Here is an example of an unsuccessful approach to these matters and a source of tremendous tension between religious minorities and the State.
The French example
In a 22 March 2012 circular from the French Ministry of Education, professors and civil servants in the education field are asked to report on any child or family suspected of “sectarian abuses”. A “situation of sectarian risk, for a child” being defined as “one in which views and practices are imposed on him to the exception of any other views or practice”. 
Of course, this definition could apply to parents raising their children in any religion or even atheistic views.
What the French authorities conceive as a problem is that followers of minority belief movements educate their children according to their own faith. However, parents clearly have a right to educate their children according to their own convictions in line with the European Convention on Human Rights and the International Covenant on Civil and Political Rights.
Contrary to preceding Ministry of Education circulars from 14 May 1999 and 26 December 2011, which simply provided for legitimate control over the acquisition of knowledge and the level of education of children receiving education at home, this latest circular provides for the identification of “sectarian risks” by national education personnel. This has led to visits by national education agents to parents belonging to minorities of religion or belief whose children were doing “at-home” correspondence courses delivered by State recognized bodies. The national education agents were checking for any ideological or religious motivation behind the choice of the parents to take their children out of the regular school system.
Unfortunately, this kind discriminatory paranoia has been going on in France for dozens of years. It is certainly contrary to various recommendations made by various authorities in charge of human rights at European and international level. For example, in her report, following an official visit to France on 18-29 September 2005, Asma Jahangir, the United Nations Special Rapporteur on Freedom of Religion or Belief, noted with regards to “new religious movements or communities of belief”: 
108. However, she is of the opinion that the policy and measures that have been adopted by the French authorities have provoked situations where the right to freedom of religion or belief of members of these groups has been unduly limited. Moreover, the public condemnation of some of these groups, as well as the stigmatization of their members, has led to certain forms of discrimination, in particular vis-à-vis their children. 

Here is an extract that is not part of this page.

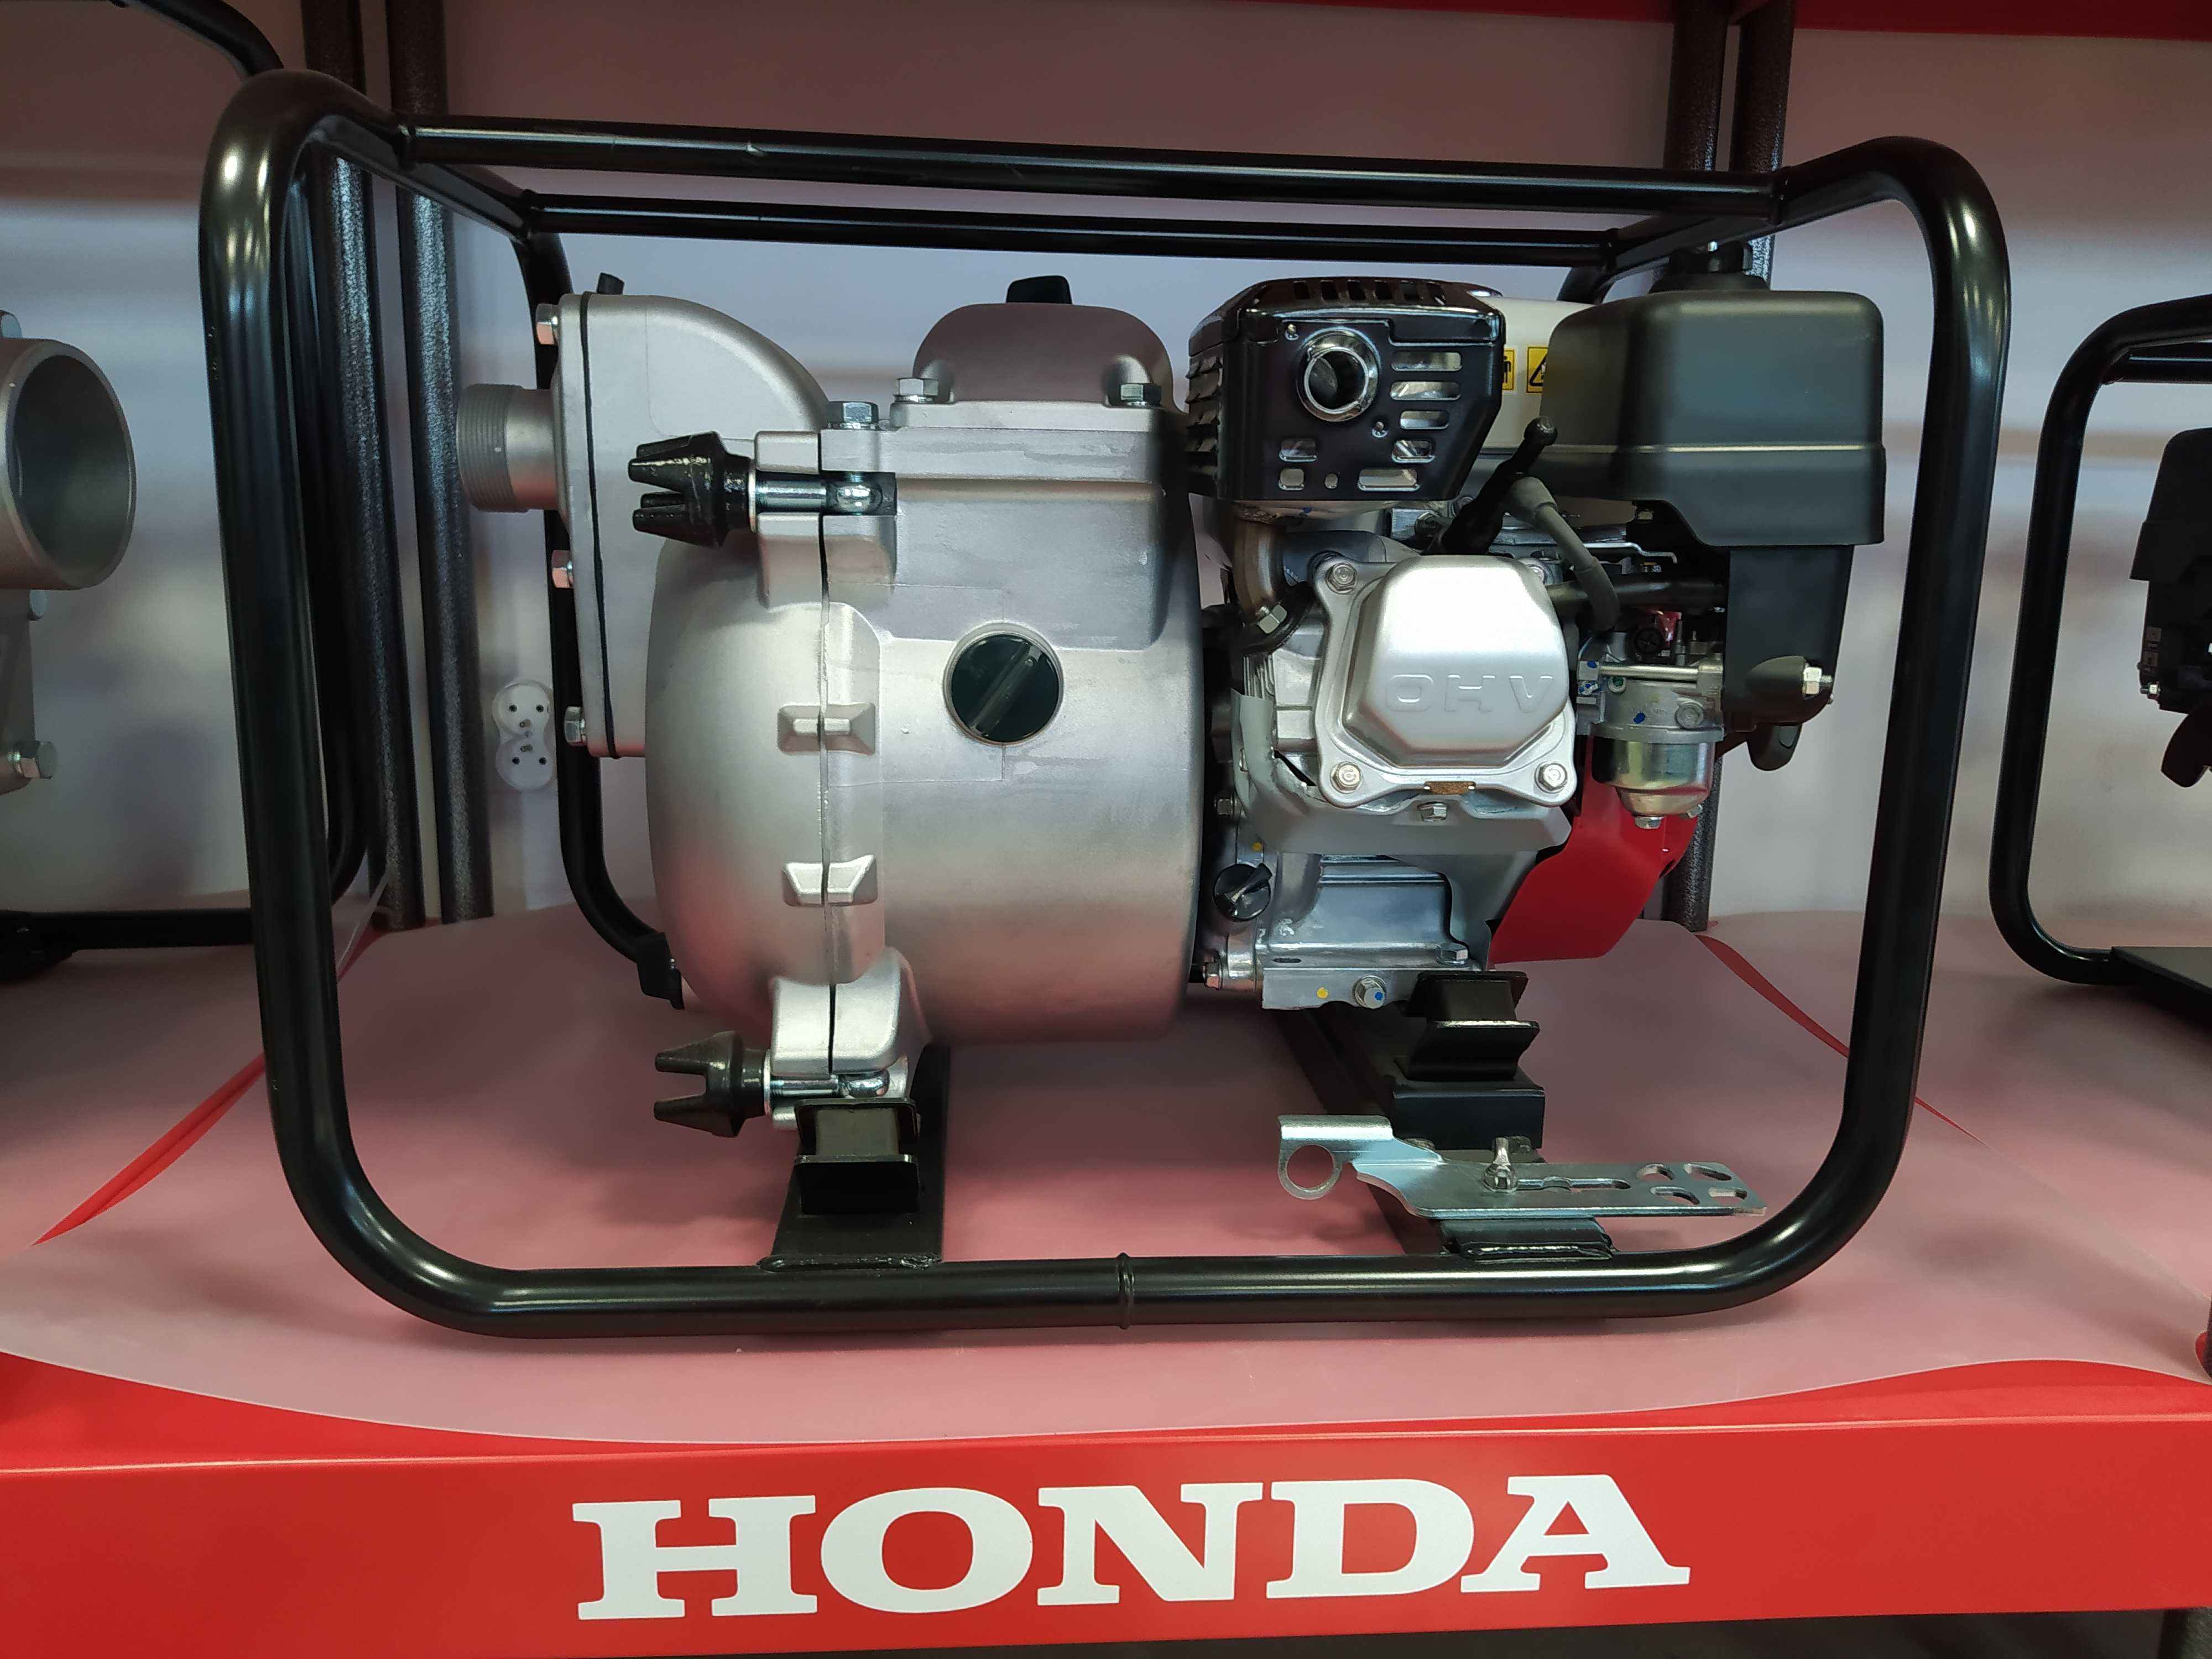 Pompa Honda oryginalna 700l/min 5 lat gwarancji WT20X

The UN Rapporteur made the following recommendations:  
112. The Special Rapporteur urges the Government to ensure that its mechanisms for dealing with these religious groups or communities of belief deliver a message based on tolerance, freedom of religion or belief and on the principle that no one can be judged for his actions other than through the appropriate judicial channels. 
113. Moreover, she recommends that the Government monitor more closely preventive actions and campaigns that are conducted throughout the country by private initiatives or Government-sponsored organizations, in particular within the school system in order to avoid children of members of these groups being negatively affected.

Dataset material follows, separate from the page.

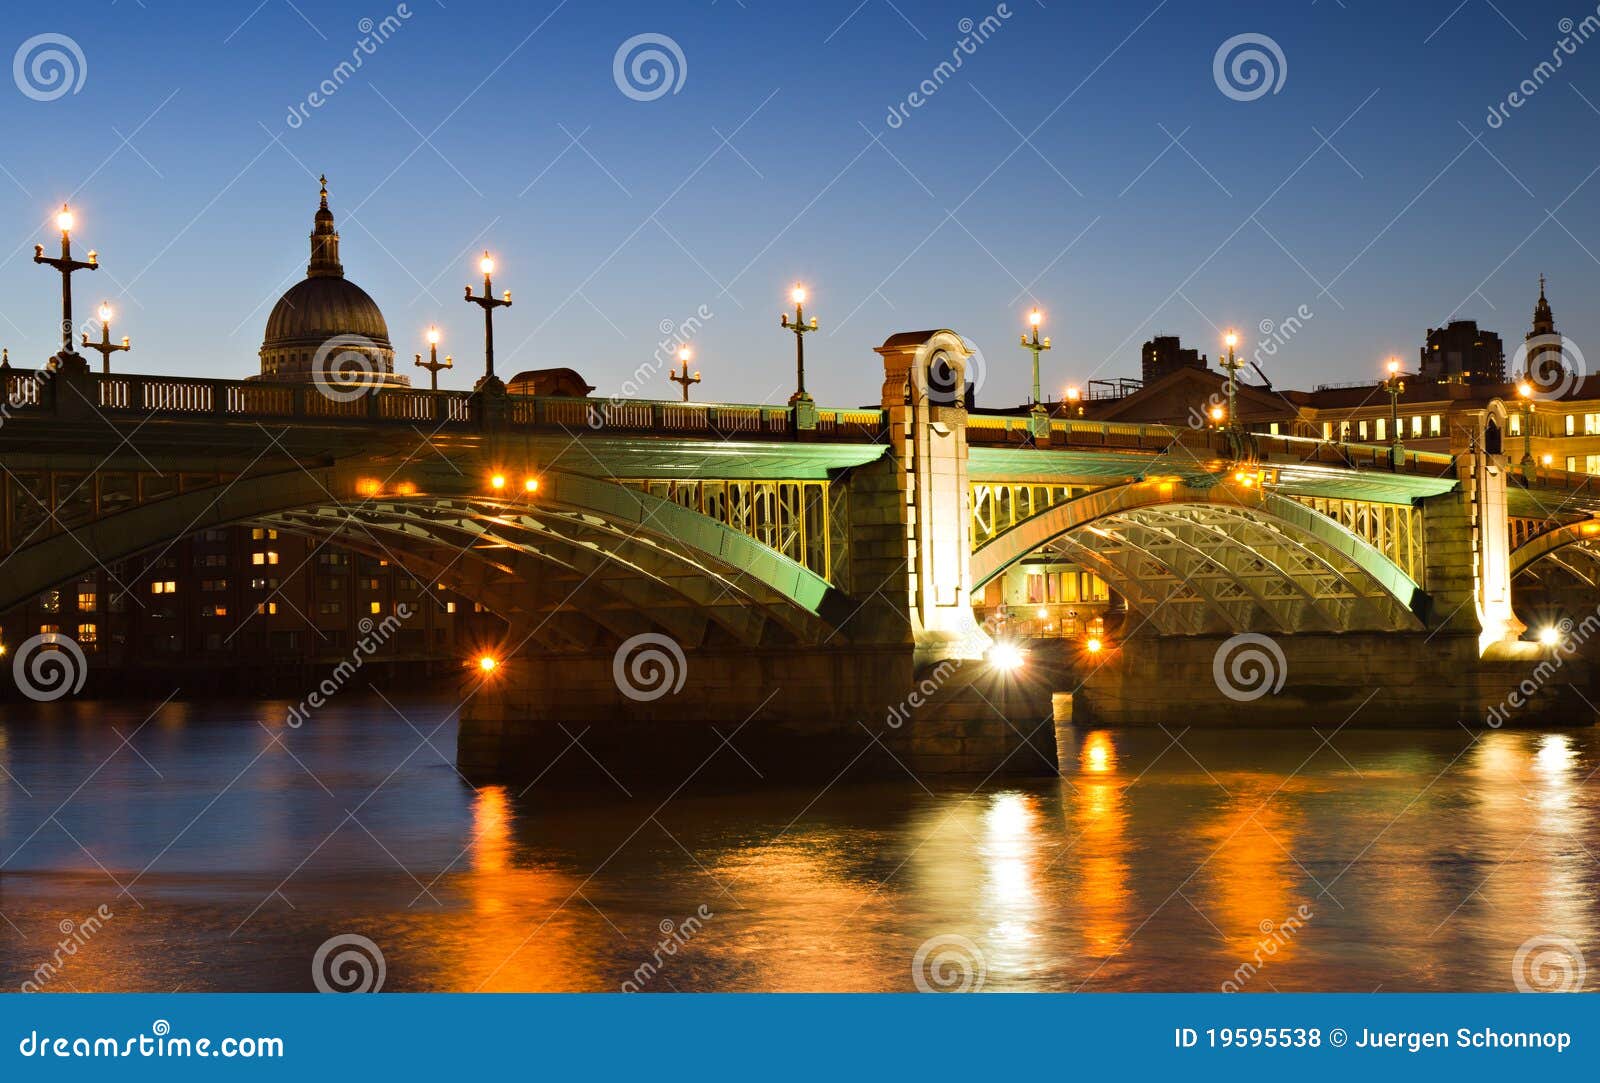 illuminated southwark bridge

Clearly, this advice was not taken on board by the French government. As recently as 9 January 2013, the Director of Criminal Affairs of the French Minister of Justice, Ms. Marie-Suzanne le Queau, when officially interrogated by the French Senate, declared:
“We sometimes had to institutionalize children because they had no other parents than their father or mother and they belonged to a sect.”

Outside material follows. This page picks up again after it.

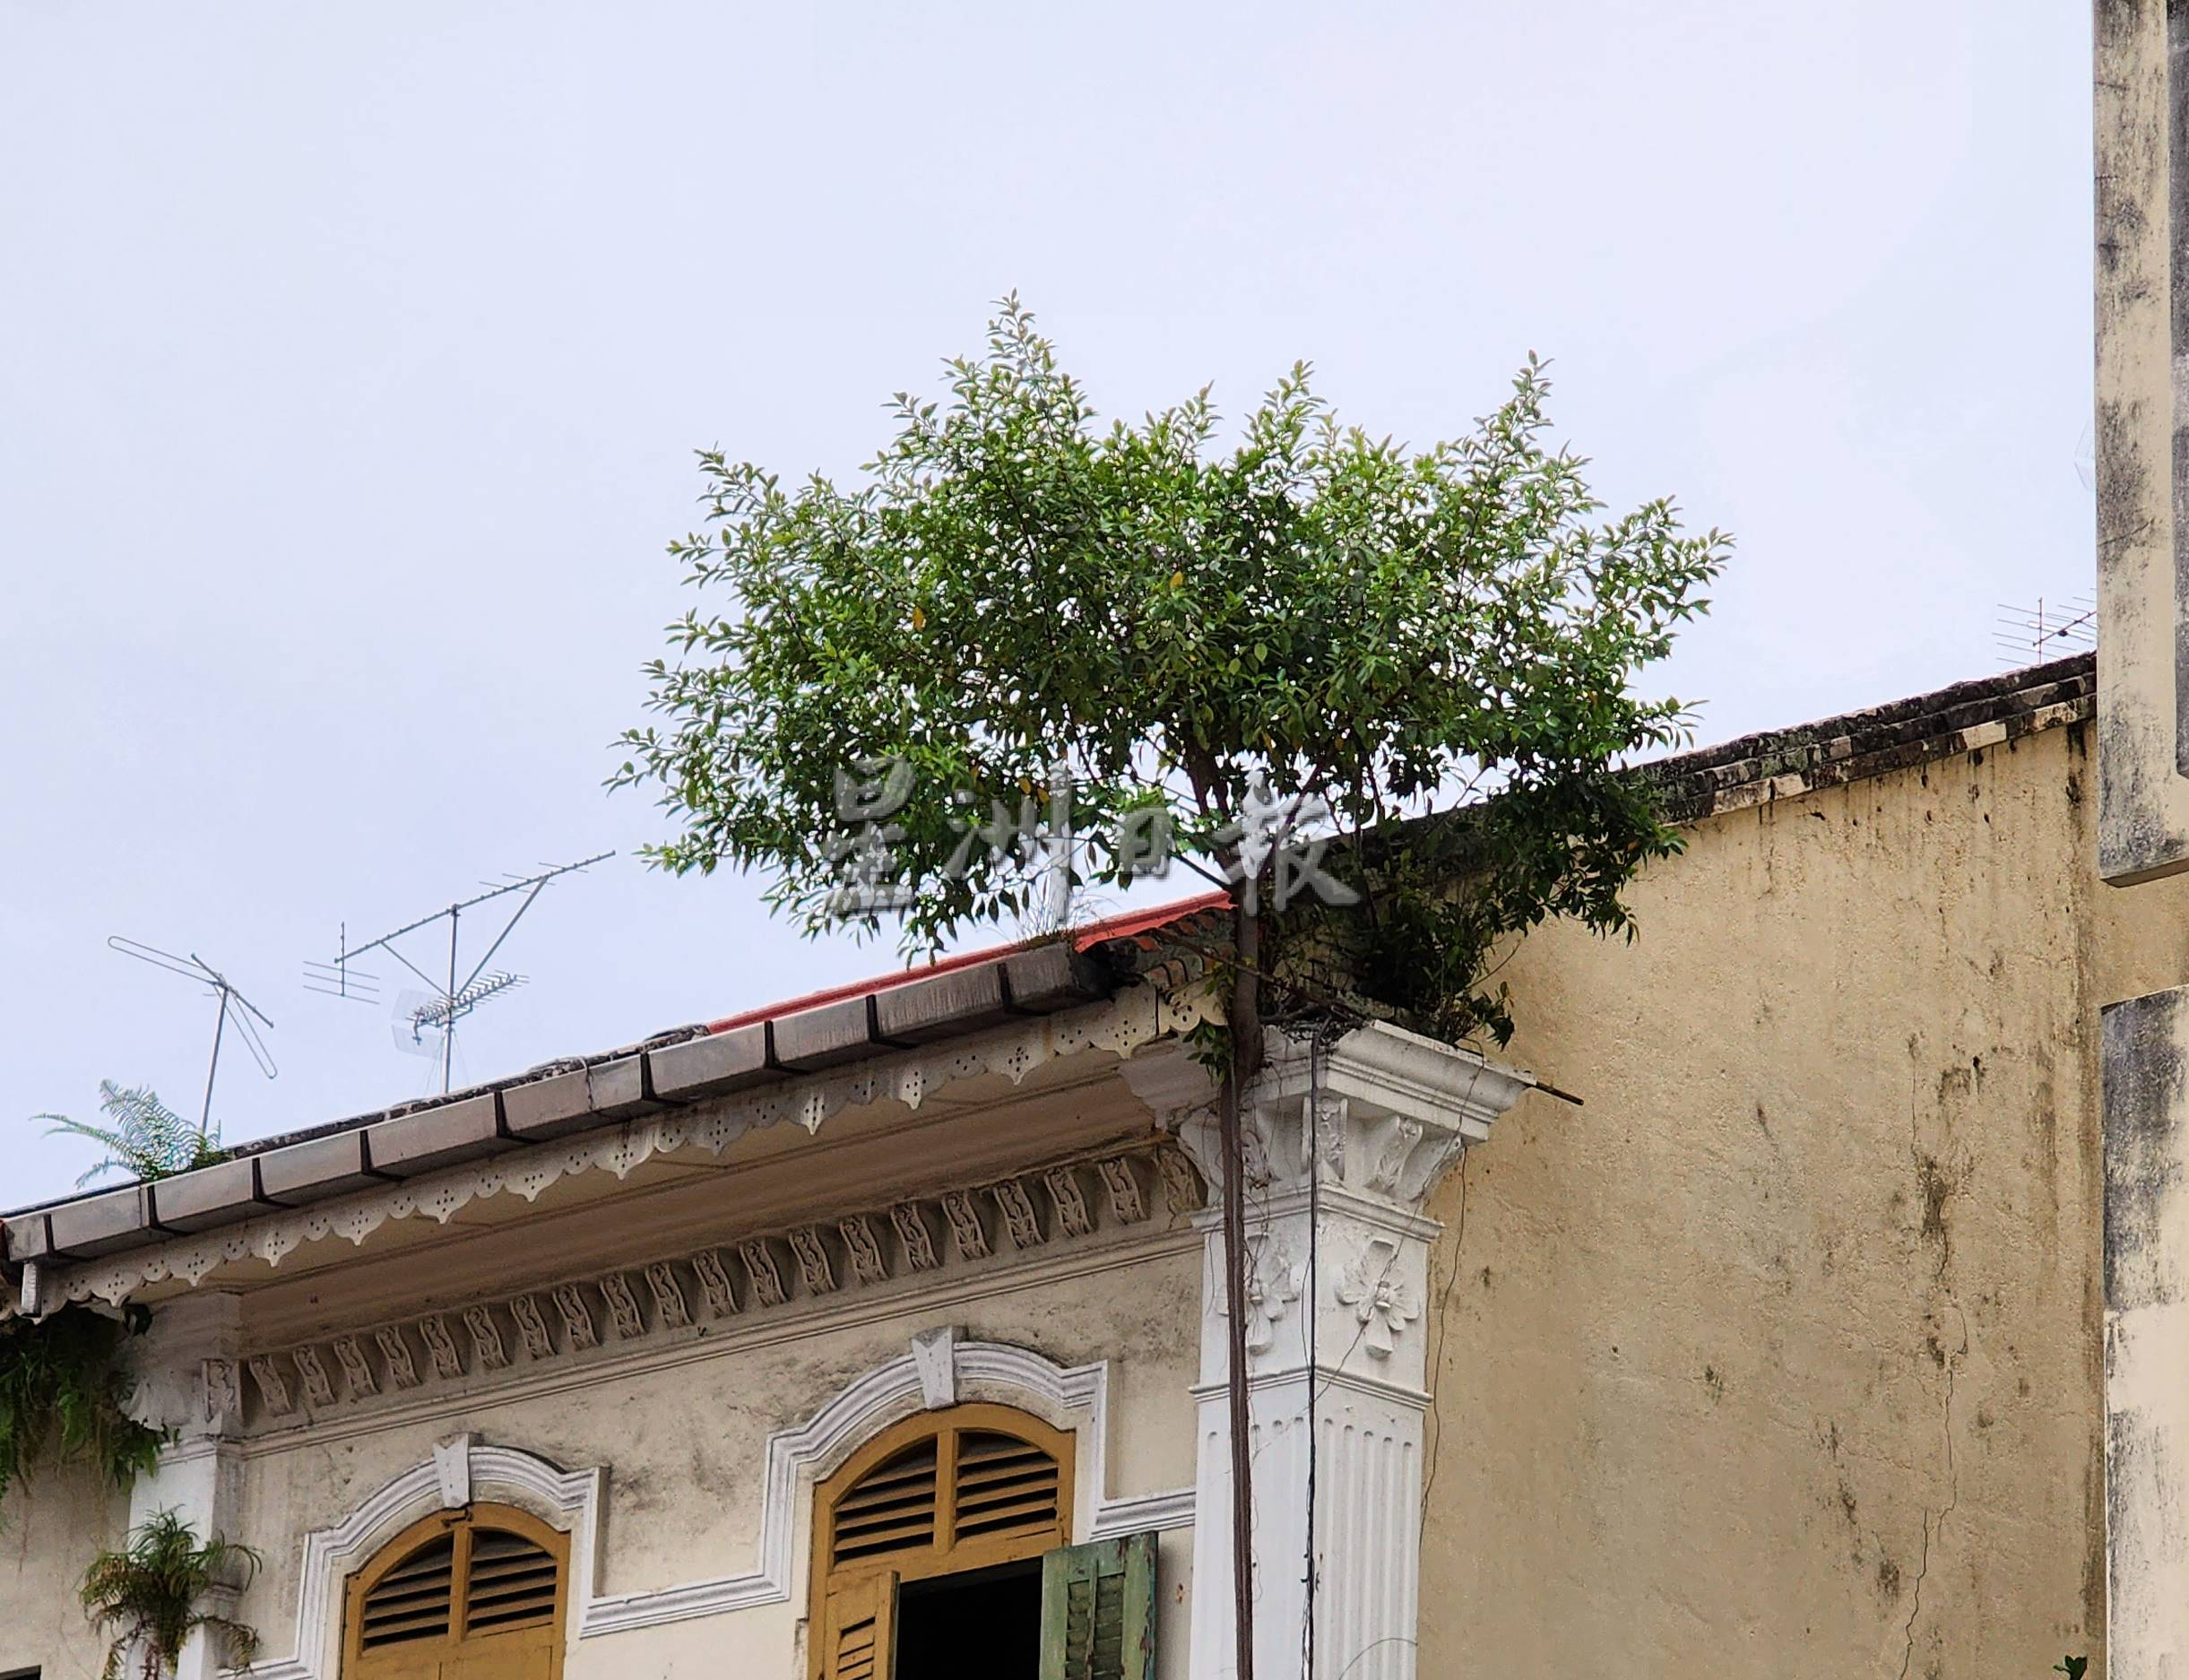 （古城第二版主文）风势转强，梁证法促清理屋顶上植物以免发生意外

This statement demonstrates that in France, you can lose the custody of your own children just because you belong to a religious minority targeted as a “sect”.
Some examples:
EIFRF has been made aware of various cases of stigmatization and discrimination in family matters based on parents belonging to religious minorities. Each of them have been verified and authenticated. Here are four examples covering a number of years:
• On the 15th April 2013, the newspaper “La Dépêche” tells the story of a father who was forbidden to see his son solely because of his religious beliefs. The father, Richard Dray is 45 years old and an Orthodox Jew. After divorcing, Richard Dray had custody of his 12 year old son at weekends.  The son started to have behavioral problems and was sent to psychologists for further evaluation. They in turn decided to place him in an institution. Richard asked for his son to be placed in a private institution and went before a judge to request this, who, seeing him with his kippah and his long beard, decided to remove his parental authority altogether, stating: “If you want to live like that, go live in Jerusalem.” 
Richard still retained a right of access to his son. However, the social services placed the child in a home without telling the father where he was located. Eventually the father found out where he had been placed and called the institution to talk to his son. The son told his father over phone that he misses him and is sad. The father answers “do not worry, everything that happens to us on earth is a test sent by God that must be overcome”. The social services, who were listening to the conversation, then forbade the father to approach his son because of these so called “fundamentalists words”, adding that he should not talk about God in 2013 to a 12 years old child and that it was contrary to their educational principles. It is now three weeks later and Richard still has no news of his son.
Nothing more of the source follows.